Could we see the same on Twitter? Perhaps. Read/WriteWeb reports Twitter has been hard at work to find different ways of earning advertising money and the latest attempt comes in the form of promoted accounts.

Already, the site offered visibility to brands through promoted trends and promoted tweets, and now promoted accounts will help increase the visibility of the account itself, not just the content.

According to a Twitter blog post, promoted accounts will be a part of the ‘suggestions for you’ feature on, which suggests users to follow according to who you already follow and who your friends follow.

How would it work for lawyers? Take someone following quite a few Twitter users who were sharing information and news related to divorce matters. Twitter may be able to identify your location and suggest following accounts of divorce lawyers in your area. Divorce lawyers would pay Twitter for such exposure.

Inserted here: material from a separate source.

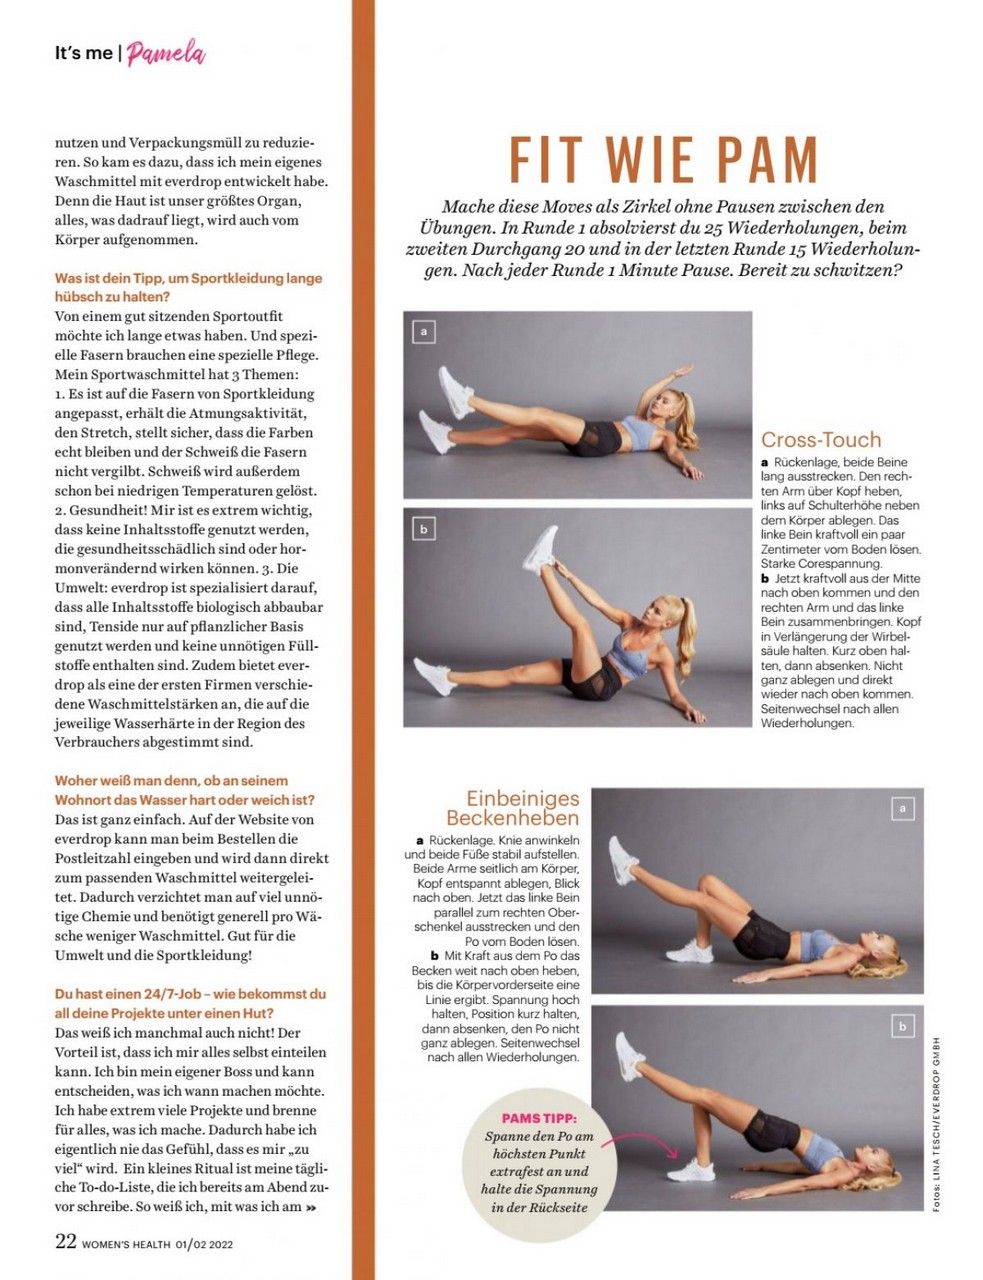 Pamela Reif For Women S Health Magazine Germany February

Sponsored accounts may not be attractive to just personal plight lawyers doing divorce, bankruptcy, or personal injury work. Imagine a Twitter user following venture capitalists and others sharing info on emerging growth companies. Law firms looking to represent startups could buy a Twitter promoted account so Twitter would suggest to such users to follow such law firms. It would be the same for estate planning lawyers looking to reach Twitter users who follow Twitter accounts sharing financial planning information.

Sounds simple. Even seems like it could be done tastefully by lawyers.

But never underestimate lawyers not willing to share helpful information on the Internet themselves to turn a good thing into shlock by throwing money at advertising. And of course we’ll have the legal marketers looking to make a quick buck acting as a middleman selling such ads (sponsored accounts) to lawyers.